Машина впервые за все время рванула, засияла дальним светом. Ушла, не крадучись, в незримый, но звучащий мир, где слились в одно целое хор сверчков, цикад и шелест моря, шелковый и пахучий, и черный бархатистый ветерок ночи.
— Боюсь зарниц и дальних гроз... Мне всегда кажется бог знает что, Колчедан.
— Ну, Арина!
— Когда ты рядом, я ни о чем таком не думаю.
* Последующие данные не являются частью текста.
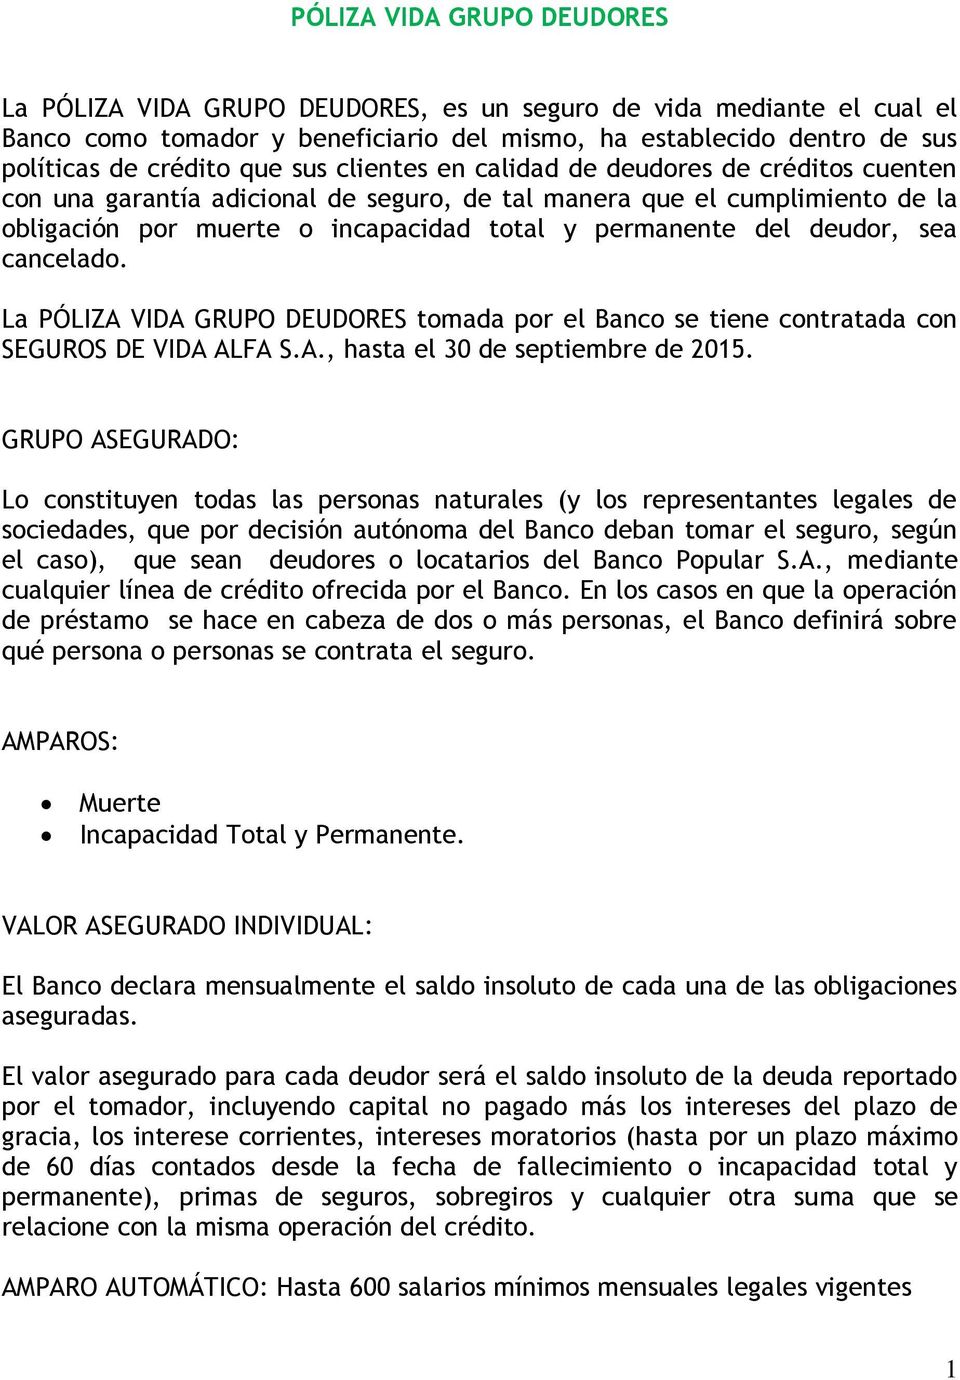 deudor, sea cancelado. La PÓLIZA VIDA GRUPO DEUDORES tomada por el Banco se tiene contratada con SEGUROS DE VIDA ALFA S.A., hasta el 30 de septiembre de 2015.

— И правильно. Вообще не думай о таком. Да когда меня нет рядом... Зарницы, грозы говорят о том, что природа жива... Полна энергии.
— А мы... мы виноваты перед нею. Мы ее раним. Во всяком случае ранили раньше. Я археолог. Я знаю... Когда-то на этой земле росли кедр, маслина, смоковница... Понимаю, эволюция. Но еще десять лет назад на скалах полно было можжевельника. Сейчас только терновник. Все вытоптано, искорежено. Недавно проезжала в тех местах. У одной из сопок склон выжжен. Сколько многолетних трав погибло!
— Все это временно, Аринка!
— Природа ведь не знает. Ей больно!
— Давай-ка поговорим о другом, Арина!
— Если мне не выговориться, я не смогу успокоиться потом.
— Ты слишком абсолютизируешь временные явления. Все преходяще.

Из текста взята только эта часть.